Details of Mercury’s Jane Gray
Regarding how artists can use chiaroscuro lighting to express notions of time, in the sense of an immediate past, present and future, I wish to revisit the earlier post, Saints & Sinners. In that discussion I proposed the argument that because Occidental folk begin their reading of images from the left, the left side of images must always be “a moment ago” in a left-to-right reading and thus the left side signifies an immediate past. Conversely, using the same logic, the right side of an image must always be a moment of looking about to happen and thus it signifies the pending future.
Following a similar line of argument, the Western lighting convention, discussed in the previous two posts concerning shadows (Parts 1 and 2), is based on the “rule” that the left side of an image should be portrayed as well-lit whereas the right side should be portrayed as shadowed. In terms of connoting past, present and future, this convention functions in tandem with a left-to-right reading direction. In essence, the lighting convention enhances the notion that the imagery on the left—the immediate past—is observable and thus a part of our acquired memories while the imagery on the right— the pending future—is partly concealed by shadow and thus it is not fully comprehended.

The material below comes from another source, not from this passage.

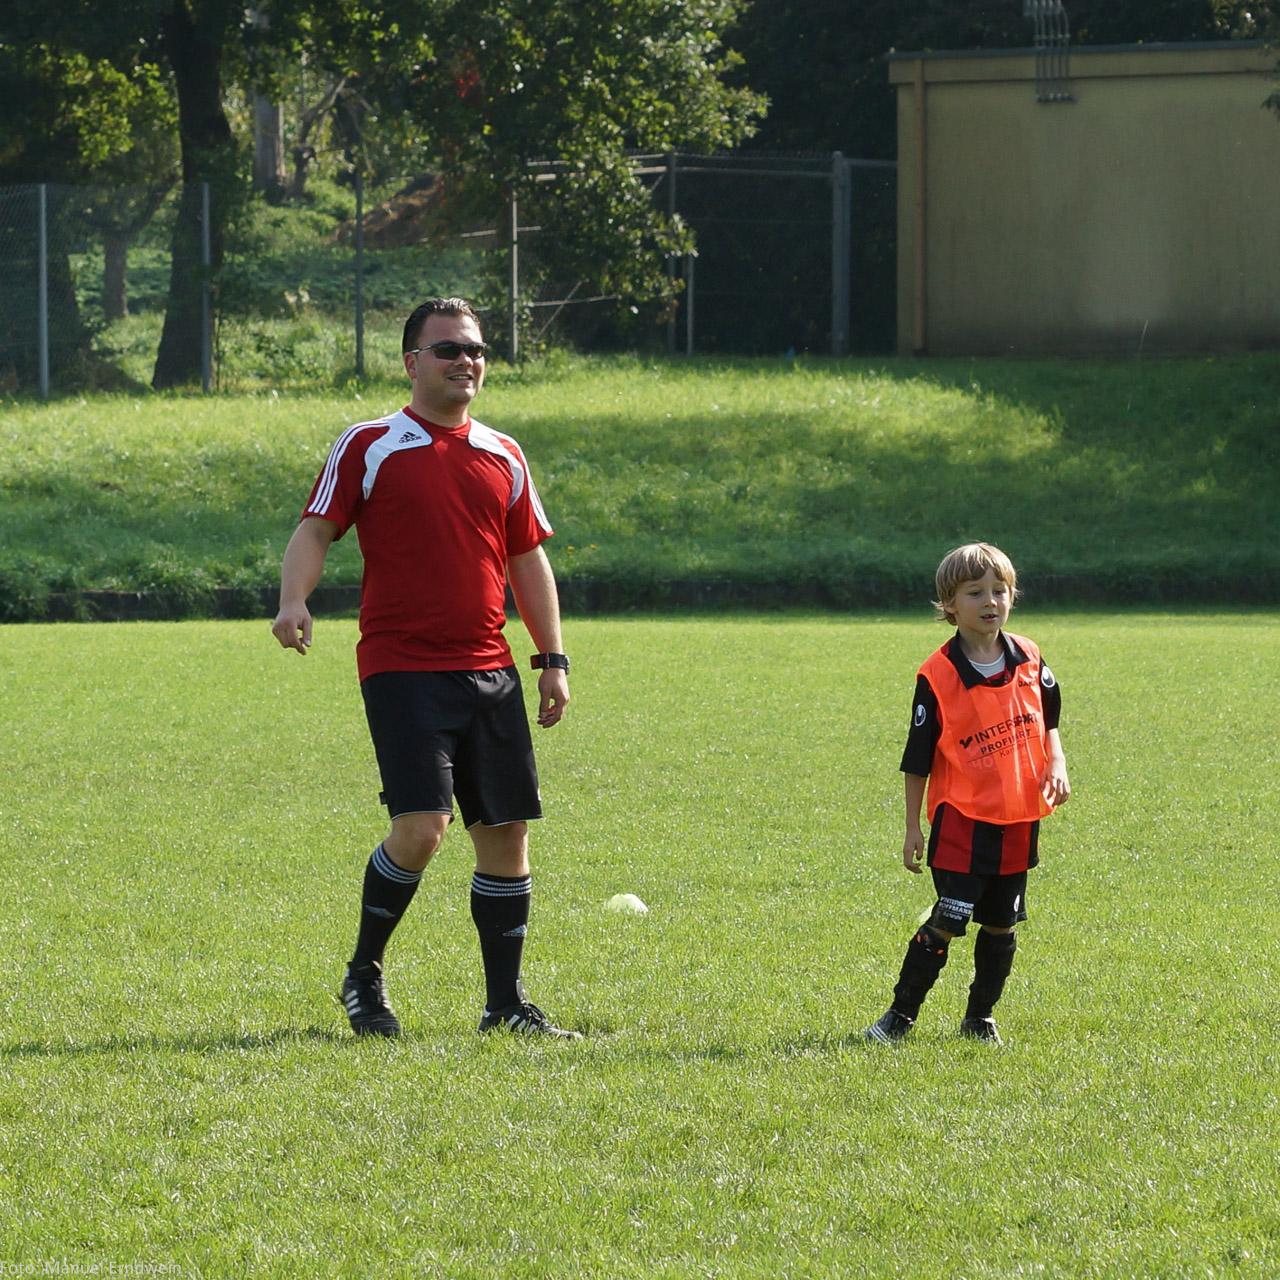 (c) Sportfoto EMANUEL - 20130922-1-0022

An important approach to image making that marries the Occidental reading direction with the Western convention of lighting is the use of pictorial zones arranged as a transition from left to right in incremental stages across an image as outlined in the early post, Pictorial Transitions. This arrangement helps to articulate the idea of a transition in the viewer’s reading from left-to-right involving a shift from an “saturation” phase in perception on the left side through to a “prognostication” phase on the right side.

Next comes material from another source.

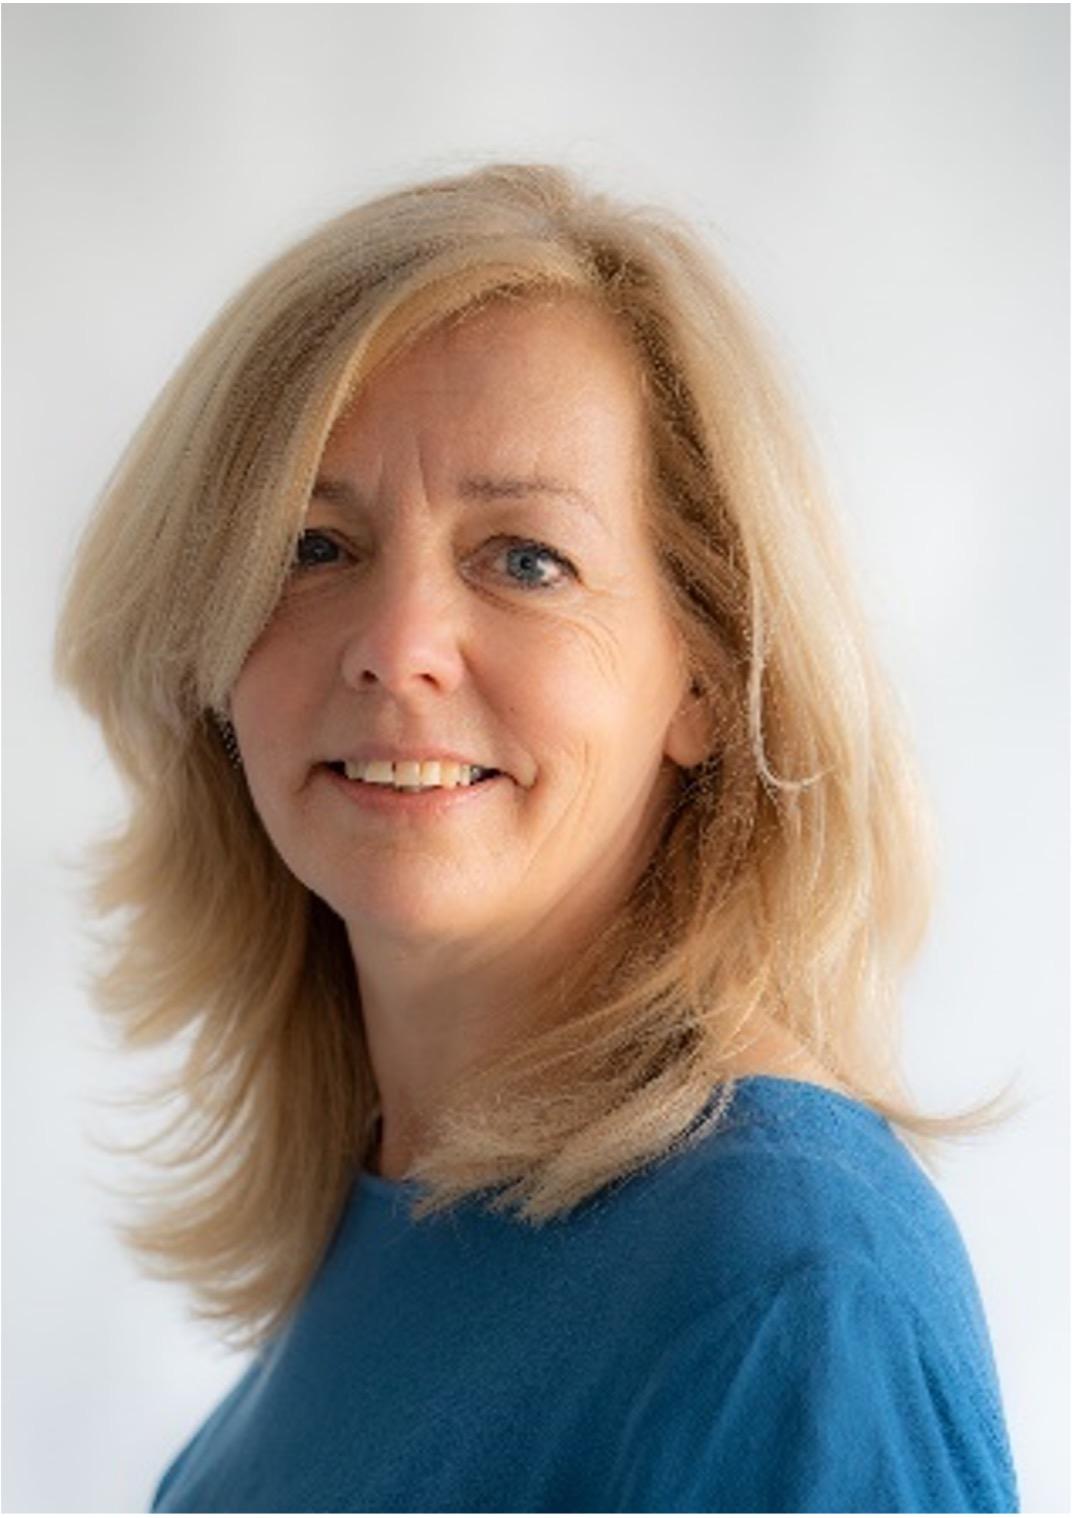 Wilma Meijnders

Like all theories, however, whether they are folly or fact is best examined by their effectiveness in practical application. To illustrate how an image may express the notion of a passage of time, I have selected Frank Brangwyn’s lithograph, The Mine (shown below), and I will leave the question as to whether it is successful in this mission to the reader.

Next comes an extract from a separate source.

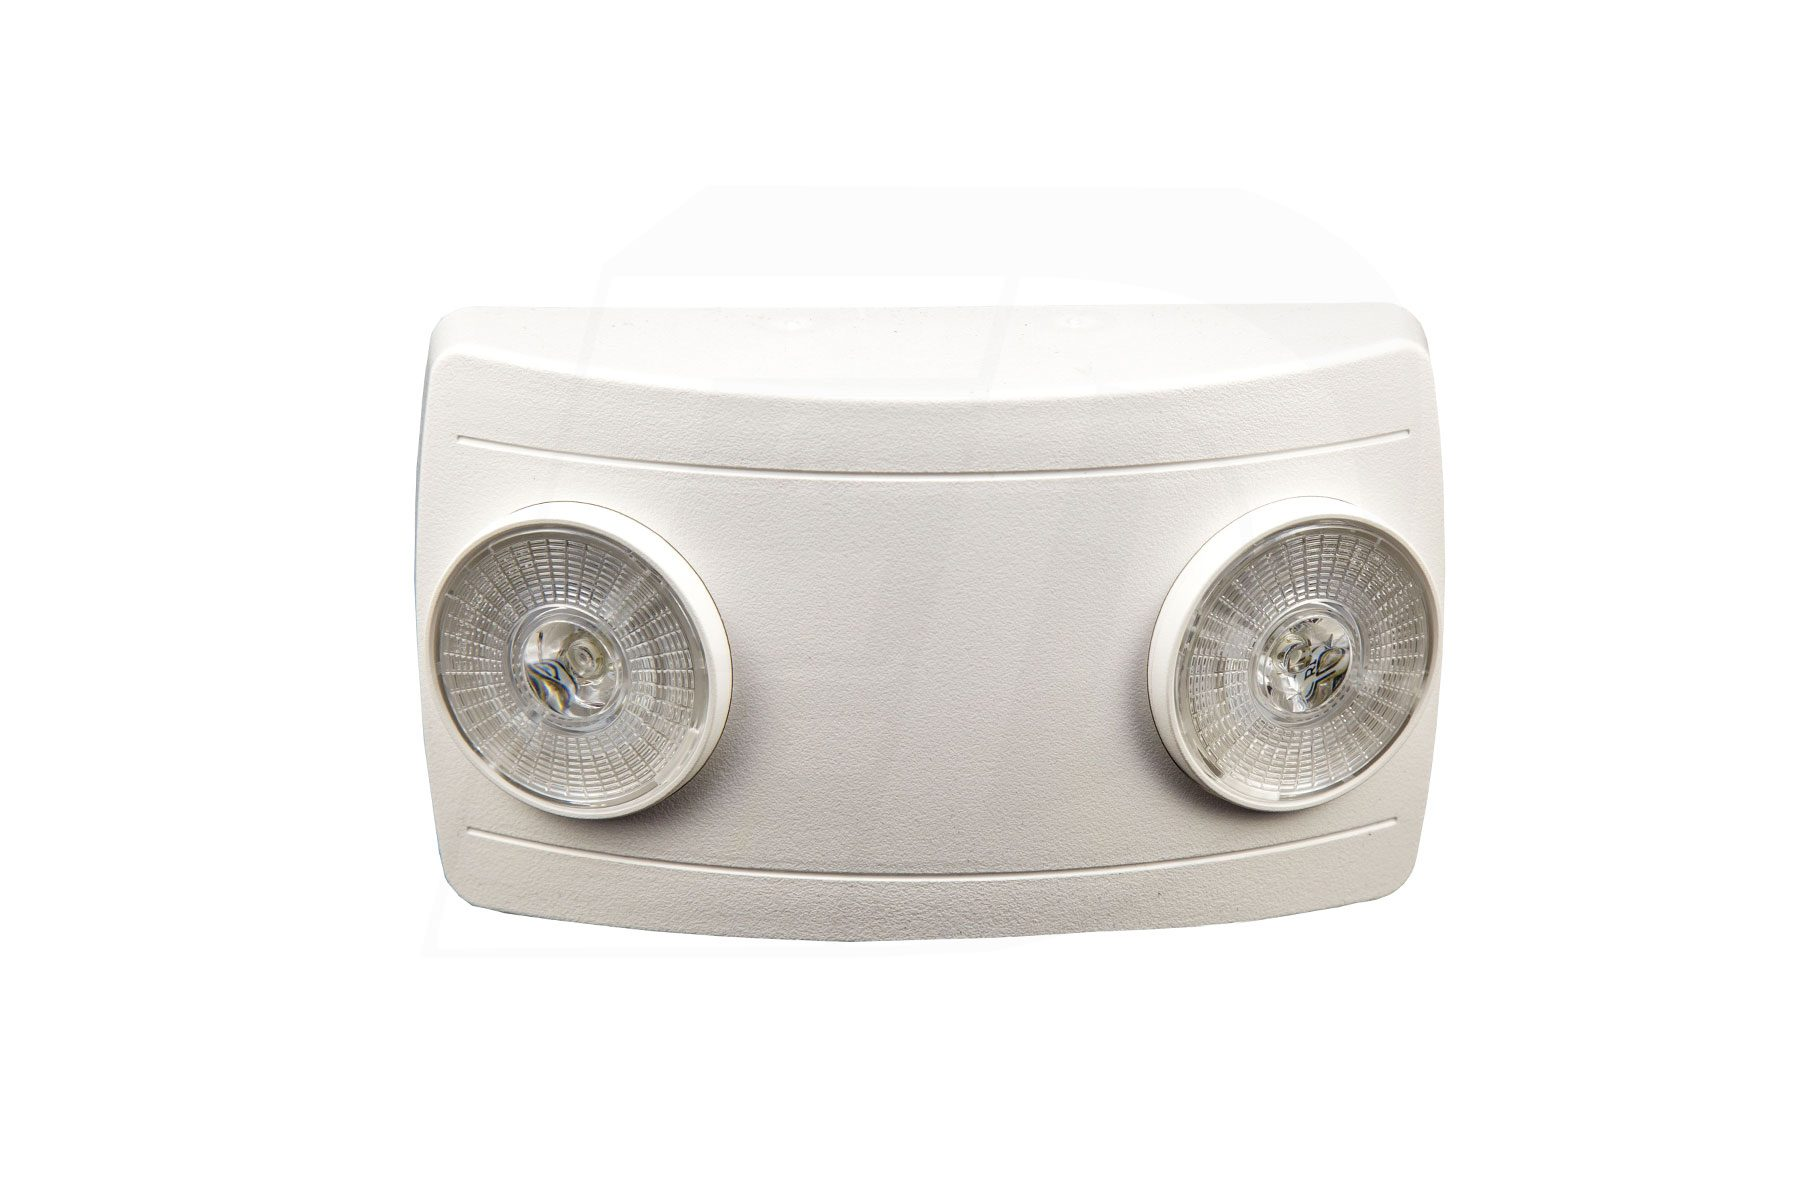 ER200WH-BUR4 - LED DUAL HEAD EMERGENCY LIGHT

In The Mine, strong light from the top-front-left—the Western lighting convention—illuminates a night scene inviting a viewer’s eye to negotiate meaning from the left to the right side of the image. This arrangement of lighting sets the scene for the reading discussed above from an “immediate past” to a “pending future.” Featured in the foreground is a bustling horde of mineworkers moving from the well-lit left side of the image—the past—on their way towards an undisclosed destiny—the future—through the shadowy right side. Augmenting this left-to-right reading are the pictorial zones (see attributes of each zone in the details below): “saturation”; “incubation”; “illumination”; and, “prognostication” (as explained in Pictorial Transitions). These pictorial zones visually articulate and mimic the notion of the artist’s developing perception of the scene—a compartmentalisation of how one’s perception may arise that was first proposed by Herman von Helmholtz (1821–94) and outlined by Betty Edwards in Drawing on the Artist Within (1986) (see pages 2–5) with a touch of minor meddling by the present author.